Thirty feet away, a lantern unshuttered, the light spilling on the hard-packed ground and the sturdy wooden pier on which Robley stood. From behind the lantern, a voice that carried nothing but accusation said, “Who’s there?”
“Robley Paine.”
“Who sent you?”
“Mr. Daniel Lessard, of New Orleans.”
Quiet for a moment, then, “Come on over here.”
Robley stepped forward, trying to see the man who spoke, but he was holding the lantern in such a way that no light fell on him. Then, when Robley was no more than ten feet away, the man raised the lantern, let the light reveal him. A stout man, stout in the way of men who did physical labor, several inches shorter than Paine. He wore a Confederate uniform that did not fit him well, hugging his midriff too tight. The butt of a pistol showed from his holster. Another man stood a few feet behind him, a rifle conspicuous in his hands.
“Who are you?” Paine asked. It occurred to him that Lessard had never told him whom he was to meet.
“You don’t ask no question. You got money?”
“Perhaps…” Paine said. He was not too happy with the way this
was playing out. “Do you have guns?” This greasy fellow, more of the overseer type than the soldier, did not seem to be a man in a position to be selling guns.
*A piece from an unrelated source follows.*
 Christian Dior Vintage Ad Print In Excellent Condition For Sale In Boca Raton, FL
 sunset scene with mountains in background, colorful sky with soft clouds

How would a soldier get cannons to sell?
“Come on,” the man said, led Robley back down the pier. At the far end, half on the road, half on the pier, stood a heavy wagon, and behind it another, the sorry-looking draft animals standing patient in the traces.
Paine followed the soldier around to the back of the wagon. The man looked at his partner, gave him a nod of the head, and the other man leaned his rifle against the wheel and climbed into the wagon. He pulled back a piece of heavy, stained canvas. Underneath, the gleaming barrel of a ten-inch Dahlgren.
“New-cast, fully rifled. Come right out of the dockyard at Norfolk,” the man said, as if he was the proprietor of a store. Paine looked at the barrel, awestruck by the potential power of the thing.
“Lessard didn’t say nothin’ about carriages,” the man said. “Carriages you got to get on your own. See here.” The man led Paine to the second wagon, and once again his partner jumped in the back, pulled the cover off two six-pound smoothbores, just as Lessard had promised. Paine shook his head in wonder.
“Where did these come from?” he asked.
The greasy man exchanged a smile with his partner. “Oh, we know people. Railroad people. Things gets diverted, you understand.” He was grinning.
Paine squinted at the man. The light from the lantern, held at his waist, threw deep shadows over his face, making him look even more evil. “You stole these…” Paine said at last. “This is Confederate property, and you stole it and now you are reselling it.”
“You watch what you say, hear?” the man said. “Stole it? I’m a Confederate soldier, and you calling me a thief…”
Robley Paine felt a deep loathing in his gut. Confederate soldier? His boys had been Confederate soldiers, not this pig. His boys were dead, killed for the Confederacy, and this filth was profiteering from the cause, the cause for which his boys died.